Откуда такая роскошь, никто не знает: на решетке гербы, короны, львы, птицы с двумя головами из одной шеи. Здание маленькое, есть даже проходные комнаты-классы. Зато окна громадные и все выходят на широкую террасу, выложенную цветной каменной плиткой — мозаикой.
Маленький двор и огромный парк. На уроке можно видеть море, правда, самую кромку, — у горизонта. По ней в два часа дня и без четверти пять незаметно появляется пароход с как бы приклеенным дымком и долго передвигается справа налево. Это рейсы «Грузии» и «Чичерина» Одесса — Батум. В три десять — во время перемены — в обратном направлении так же невесомо проплывает и гудит «Украина». Она словно приветствует нас, и мы дружно кричим, и прыгаем, и бросаем тюбетейки и панамки в воздух.
Так мы и познакомились с Сашей вторично. Прозвенел старый желтый звонок в руках сторожихи тети Зины (жены Кости Челикиди), а мальчик с бантом на заплатанной рубашке все продолжал подпрыгивать, пытаясь достать с ветки акации свою панамку. Я узнал его: «Француз!» Вмиг был я на дереве, сбросил ему панамку и лихо спрыгнул вниз… но попал в руки директора. Он был высокий, очень сутулый, с висячими усами и седым «бобриком». Ходил Эрнест Кириллович в просторной блузе из полотна, в каких рисуют художников, носил пенсне на шнурочке и панаму.

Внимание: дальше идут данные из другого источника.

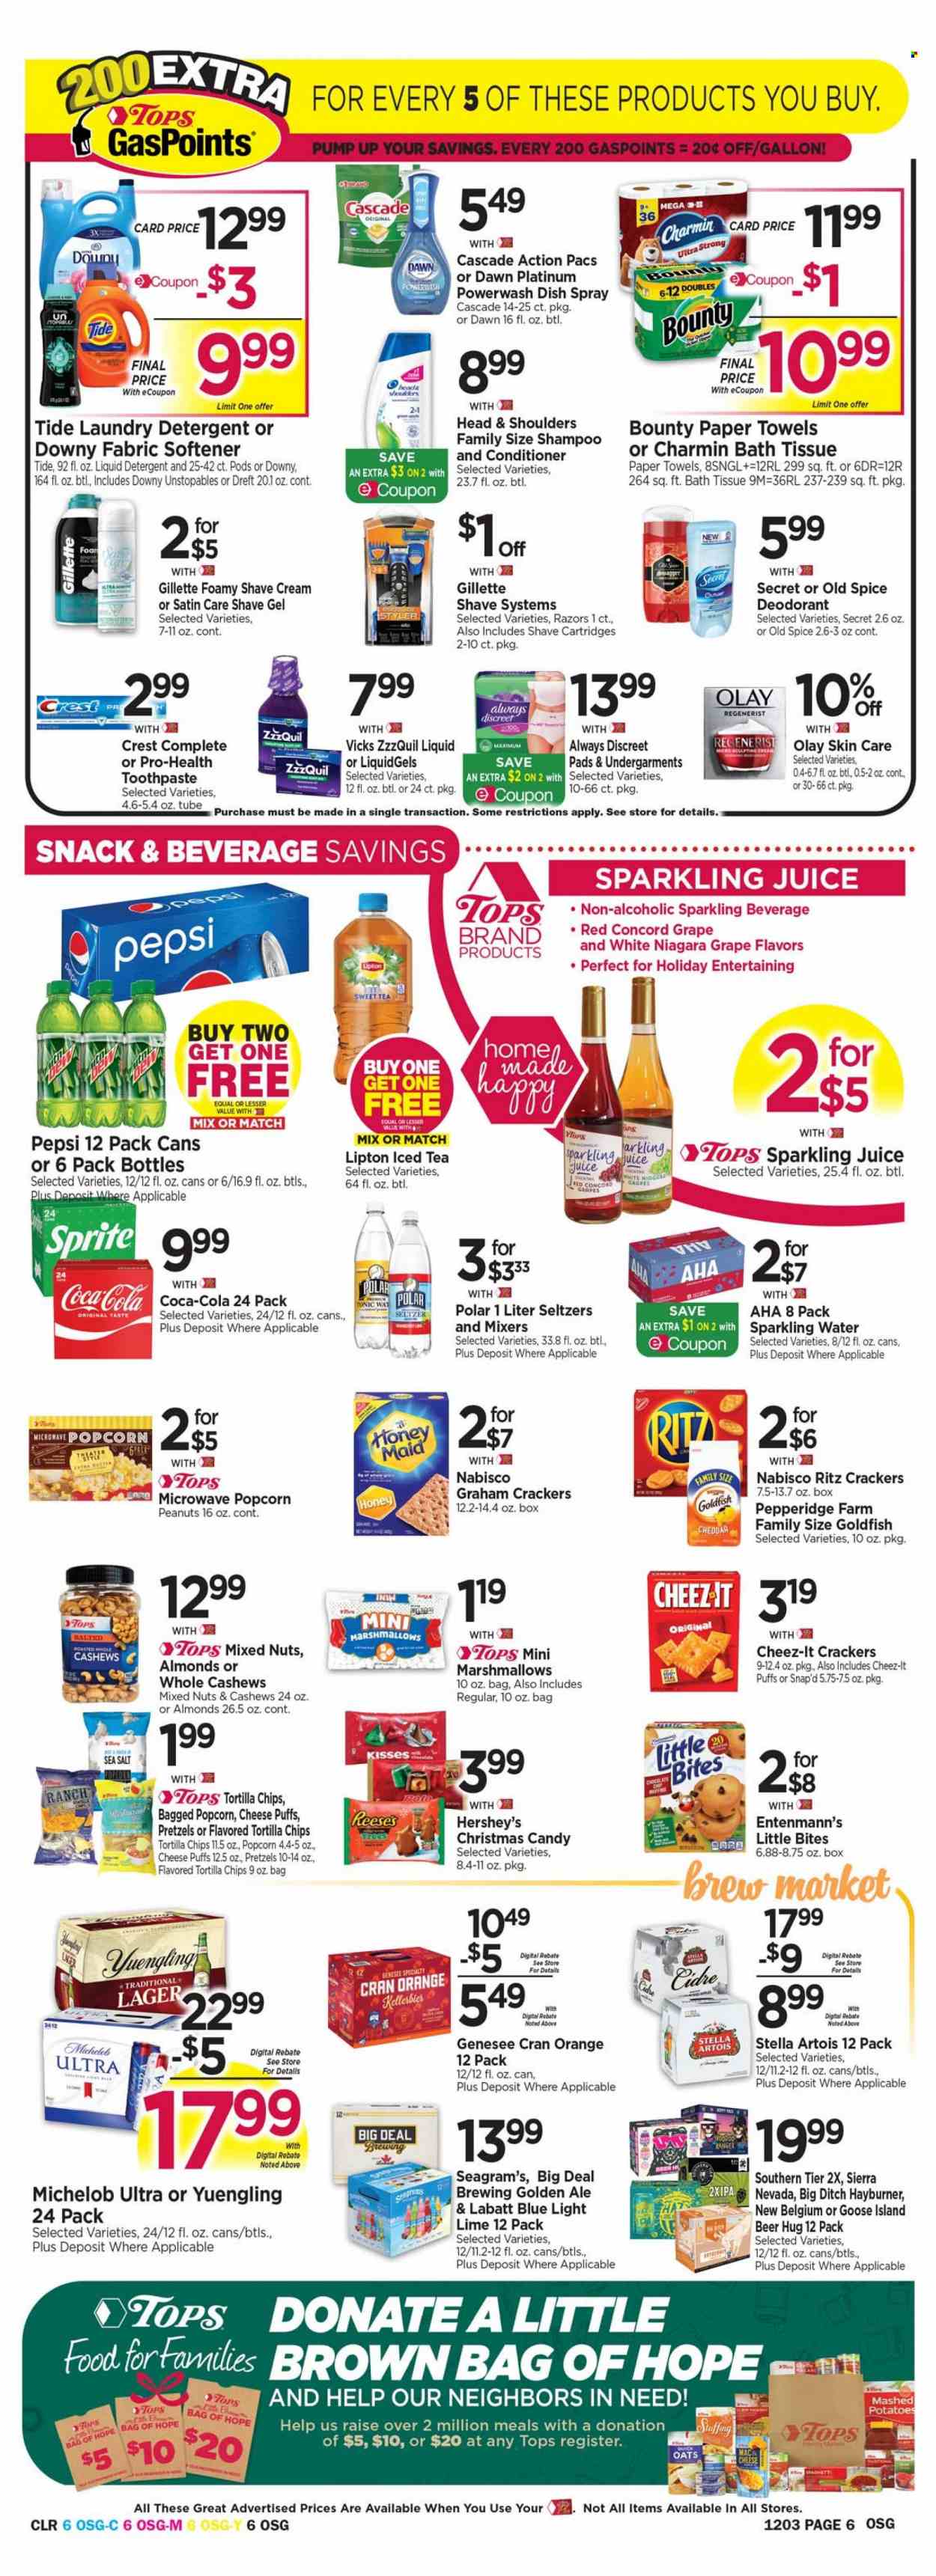 thumbnail - Tops Flyer - 11/27/2022 - 12/03/2022 - Sales products - pretzels, puffs, muffin, Entenmann's, oranges, mashed potatoes, spaghetti, butter, Reese's, Hershey's, graham crackers, marshmallows, snack, Bounty, Mars, crackers, Little Bites, RITZ, tortilla chips, chips, popcorn, Goldfish, Cheez-It, oats, Quick Oats, Honey Maid, spice, almonds, cashews, peanuts, mixed nuts, Coca-Cola, Sprite, Pepsi, juice, Lipton, ice tea, tonic, sparkling juice, seltzer water, sparkling water, beer, Lager, bath tissue, toilet paper, kitchen towels, paper towels, Charmin, detergent, Cascade, Tide, Unstopables, fabric softener, liquid detergent, laundry detergent, Downy Laundry, shampoo, Old Spice, toothpaste, Crest, Always Discreet, Olay, conditioner, Head & Shoulders, Gillette, shave gel, shave cream, Stella Artois, Yuengling, Michelob. Page 6.

Эрнест Кириллович поймал меня в воздухе и осторожно поставил на землю.
— Как твоя фамилия? — строго спросил он, сдвинув свои кустистые седые брови.
Я ответил.
— В каком классе?
— У Евдокии Ивановны, — ответил я, хотя полагалось, видимо, сказать: «В первом „А“».
— Иди на урок, а после урока зайди ко мне. Ты знаешь, кто я?
— Еще бы, — ответил я рассудительно.
Мне показалось, что директор усмехнулся.
Саша все время стоял в сторонке, не шел на урок.
— Хочешь, мы вместе пойдем к нему? — спросил он шепотом, когда мы пошли к двери класса.
— Еще чего, — ответил я, хотя на душе у меня было паршиво. Это был первый день, 1 сентября 1930 года.
— Ну, я пошел, — сказал Саша, продолжая переминаться. — Я тебя сразу узнал.
— Я тоже, — просто сказал я, сам себе удивляясь, что не «держу форс», то есть не прикидываюсь равнодушным и развязным.
— Я в «бешке», — словно извиняясь, сказал Саша, кивнув на дверь своего класса.
— Ничего. — Я был щедр сегодня.
С тех пор мы ходили вместе, а потом и перевели к нам Сашу. Хлопотал я. С тех пор все у нас было на двоих и поровну. Вместе строили мы планы и на будущее…
Но оно само распорядилось нами, как ему было угодно.